We must forget how President Bush senior urged the Iraqis to rise up against
Saddam in 1991 and when they obeyed did nothing. We must forget
how America promised a new era of hope to Somalia in 1993 and then, after "Black
Hawk Down", abandoned the country.
We must forget how President Bush junior promised to "stand by" Afghanistan
before he began his bombings last year and has left it now an economic
shambles of drug barons, warlords, anarchy and fear. He boasted yesterday that
the people of Afghanistan have been "liberated" this after he has failed
to catch bin Laden, failed to catch Mullah Omar, and while his troops are coming
under daily attack. We must forget, as we listen to the need to reinsert arms
inspectors, that the CIA covertly used UN weapons inspectors to spy on Iraq.

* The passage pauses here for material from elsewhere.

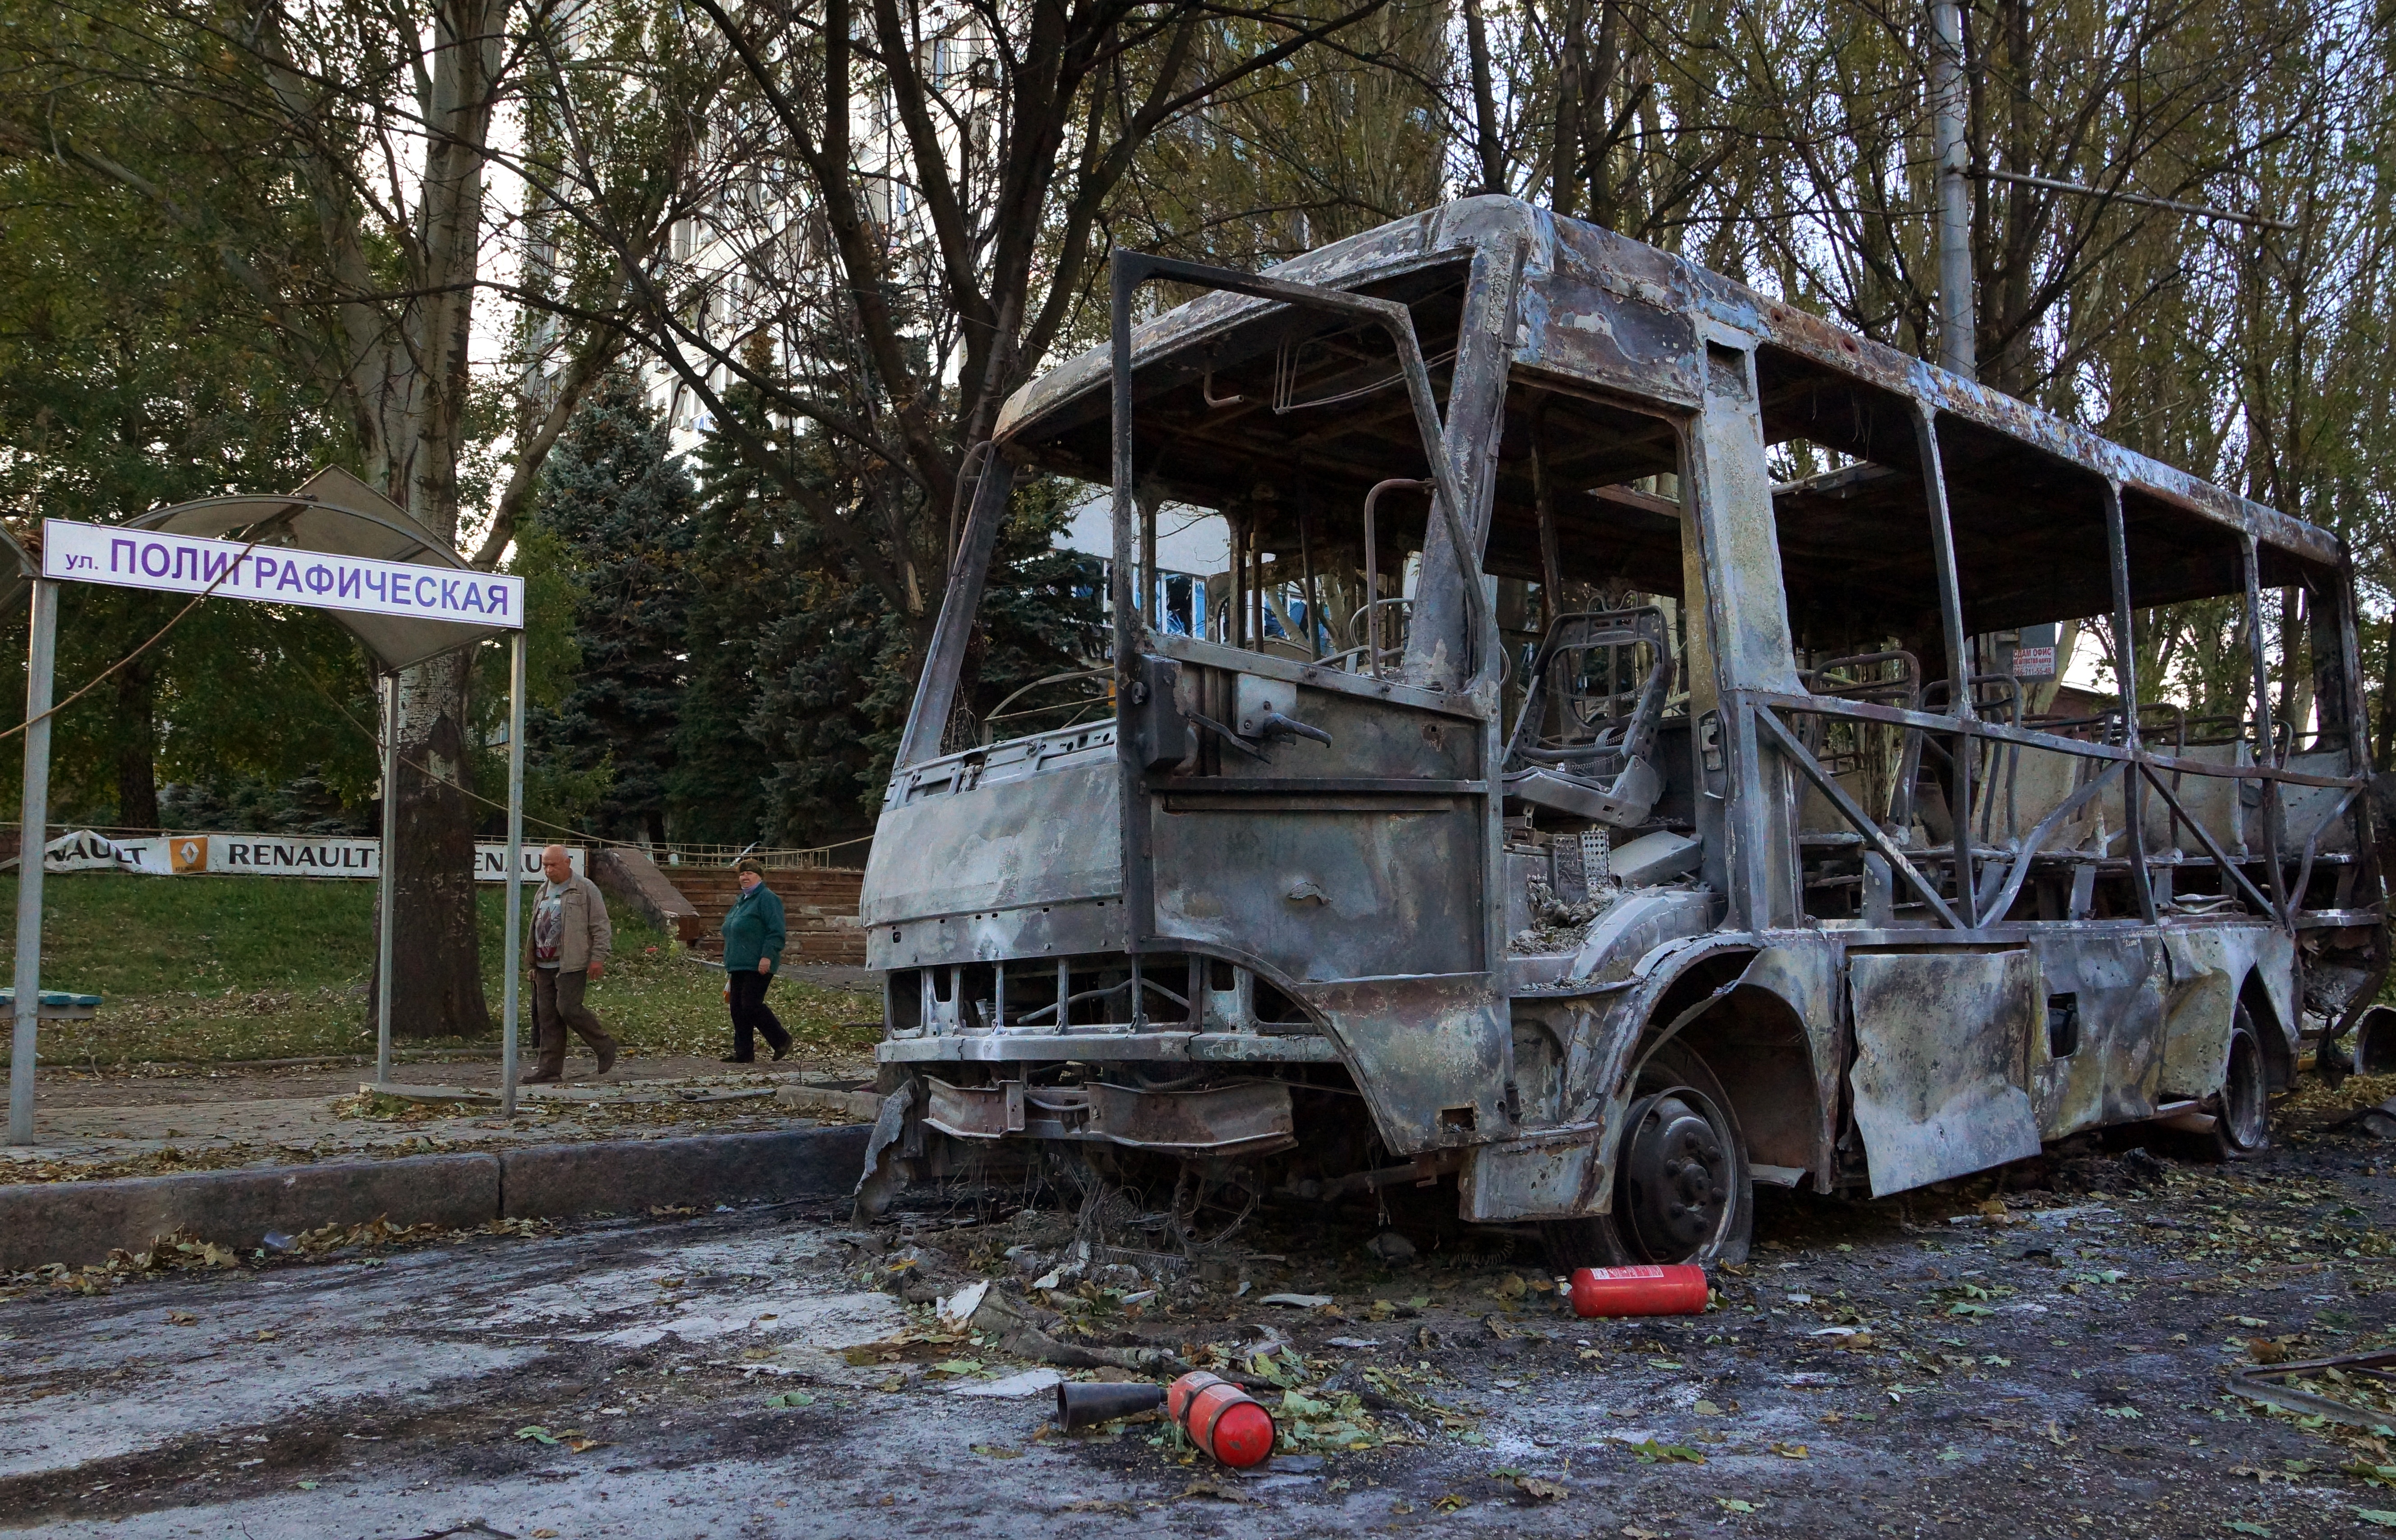 ООН назвала "очень сдержанные" свои оценки жертвы в Донбассе

And of course, we must forget about oil. Indeed, oil is the one commodity
and one of the few things which George Bush junior knows something about, along
with his ex-oil cronies Cheney and Rice and countless others in the administration
which is never mentioned.
In all of Bush's 30 minutes of anti-Iraq war talk yesterday pleasantly
leavened with just two minutes of how "I hope this will not require military action"
there wasn't a single reference to the fact that Iraq may hold oil reserves
larger than those of Saudi Arabia, that American oil companies stand to gain billions
of dollars in the event of a US invasion, that, once out of power, Bush and his
friends could become multi-billionaires on the spoils of this war. We must ignore
all this before we go to war. We must forget.